Venules are microscopic vessels that link capillaries to veins, which carry blood back to the atria. Vein walls are similar to arteries but have poorly developed middle layers. Because they have thinner walls that are less elastic than arteries, their lumens have a greater diameter. Many veins have flaplike valves projecting inward from their linings. These valves often have two structures that close if blood begins to back up in the vein.
They aid in returning blood to the heart, opening if blood flow is toward the heart, but closing if it reverses. Unlike the arteries, veins do not have sufficient pressure from the contractions of the heart to keep blood moving through them. To keep blood flowing, the veins rely on the movement of nearby skeletal muscles, as well as the opening and closing of the valves within them. Therefore, a major structural difference between veins and arteries is that arteries do not have valves.

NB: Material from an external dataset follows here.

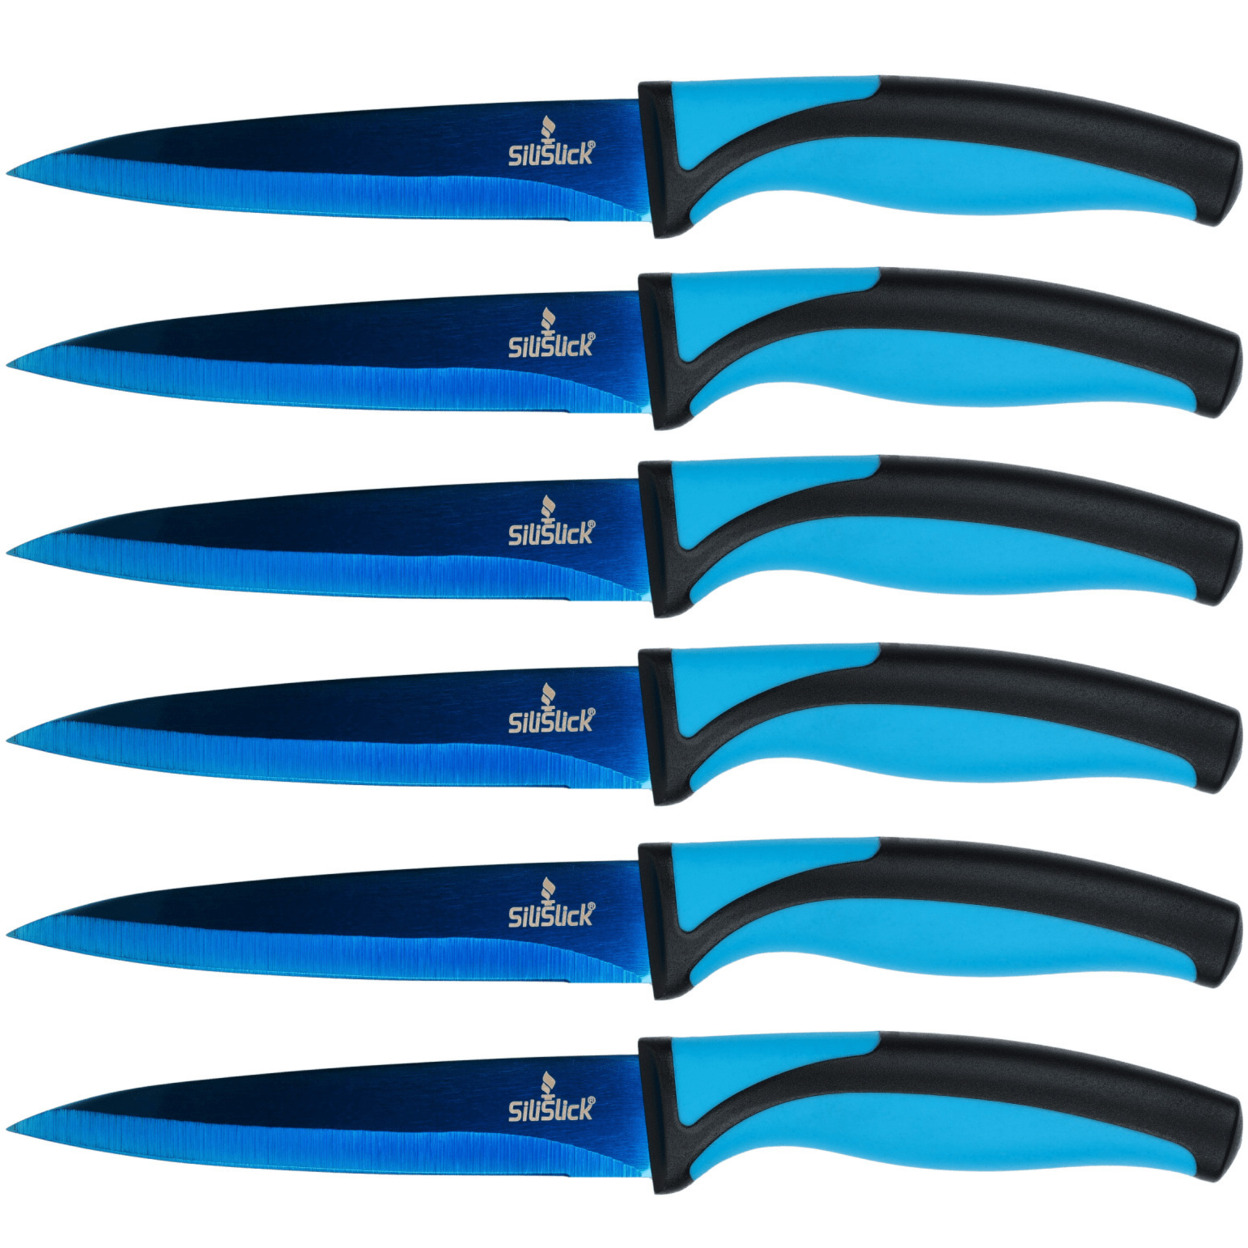 SiliSlick Stainless Steel Steak Knife Set Of 6 -Blue Handle And Blue Blade - Titanium Coated With Straight Edge For Cutting Meat

Veins also act as reservoirs for blood in certain conditions, such as during arterial hemorrhage. Resulting venous constrictions help to maintain blood pressure by returning more blood to the heart, ensuring an almost normal blood flow even when up to one-quarter of the blood volume is lost.
Functions of the blood vessels
Blood vessels of the heart and their function:
- Arteries – Carries relatively high
pressure blood from the heart to the arterioles.
- Aorta – Carries blood from left ventricle.
- Arterioles – Helps control blood flow from arteries to capillaries by
- Capillaries – Has a membrane allowing nutrients, gases, and wastes to be exchanged between blood and tissue fluid.
- Venules – Collects blood from capillaries.
- Veins – Carries relatively low-pressure blood from venules to the heart and it also serve as blood reservoirs.